Alexis Petridis of Guardian fame doesn’t turn up… although I don’t think he responded to the original invite so we can’t feel too let down. With the might of Mojo and the defunct Melody Maker here, how can we lose?
John Robb,the mohican-topped writer, musician and gaffer of music website/magazine Louder Than War is our question-master. Robb is unique in that he’s an indie celeb who’s as interested in you as you are in him… which basically means he has manners. He’s a gentleman in the traditional mould and pretty dapper with it too. He also has a voice that’s seemingly sampled from a bulldog that is barking upon seeing a postman.
I’d spotted Robb earlier in the day while walking past a café and noticed he was folded in two over his iPad.
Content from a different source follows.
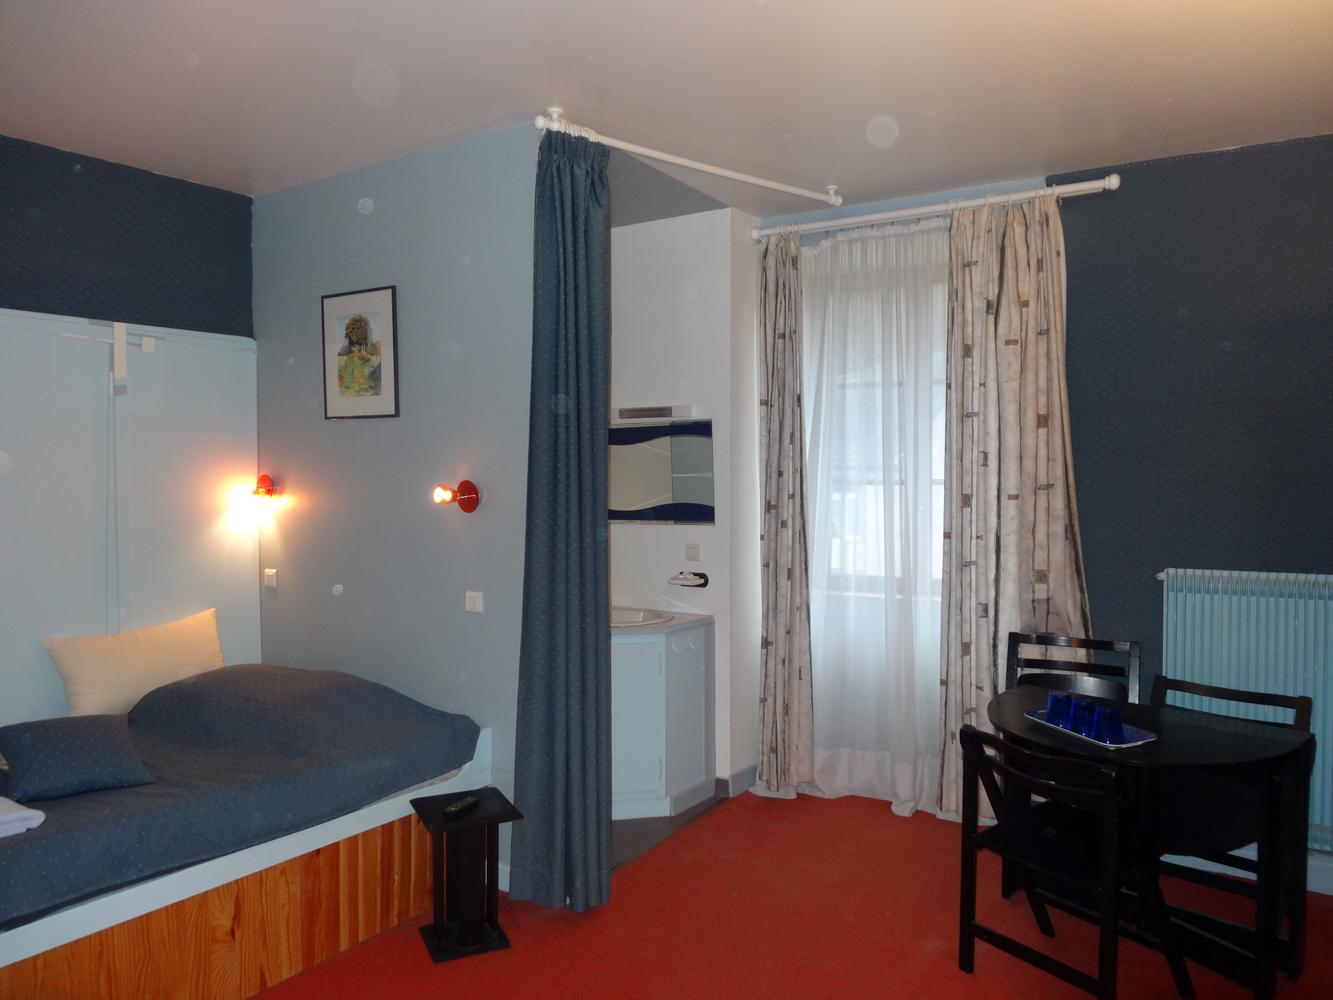 #792815 La Boissière Hôtel D'Hôtes Chambres 2357 petite chambre bleue 1333x1000 px @ aertt.com

Having only met him once at the Sziget festival, in Hungary in 2011, I decided against rushing towards the table exclaiming, “Remember me, John?” In the café, Robb was actually double-checking the answers to the quiz on his tablet so I’m glad I didn’t disturb him.
Between questions, Robb swings his mic around like he’s fronting a famous band. He’s performing and you have to assume this sort of behaviour comes naturally to him. Our rotund sound engineer is quick to point out that the mic is an antique and could easily fetch £600 on eBay. “If you’re going to swing my mic round much more, I’d better give you something else to use,” he declares. The rest of the quiz is carried out with non-vintage, more basic equipment.
In my team, I take hold of the pen. This means I can effectively hide my lack of knowledge simply by conferring with my genuine music-journalist teammates and write down their answers. I know maybe five of the questions, one of which is: “Which Inspiral Carpets roadie ended up being in a more successful band?” But everyone knows the answer to that! (Noel Gallagher)
At the interval we’re in a respectable second place but the moment of truth arrives when Price has to bugger off ten minutes before the end to interview Suede. Bloody Suede? Suede should come here, this is important!! It’s tantamount to an airline pilot grabbing a parachute, opening a window and saying: “So long, suckers!” As no questions on Mumfords or my own specialist subject Factory Records wriggle their way into Robb’s closing questions, we find ourselves in a fix. We hang on for second, a feat Tottenham couldn’t manage, but it is a close-run thing.
You’re probably expecting at least a review of a band that played at the festival, but, due to time constraints, we didn’t see a single guitar being strummed. With the growing arrogance of Brighton’s resident sandwich thieves, if we were here for the weekend, we’d have attempted to forge links with Howling Owl, The Parrots and Eagulls. As it is, an iPod on the 9.20pm train to London Victoria with two M&S Harvey Wallbangers completes the day, where it’s decided in a slightly sozzled state that “Untouchable” by Girls Aloud is one of the most epic tracks ever recorded.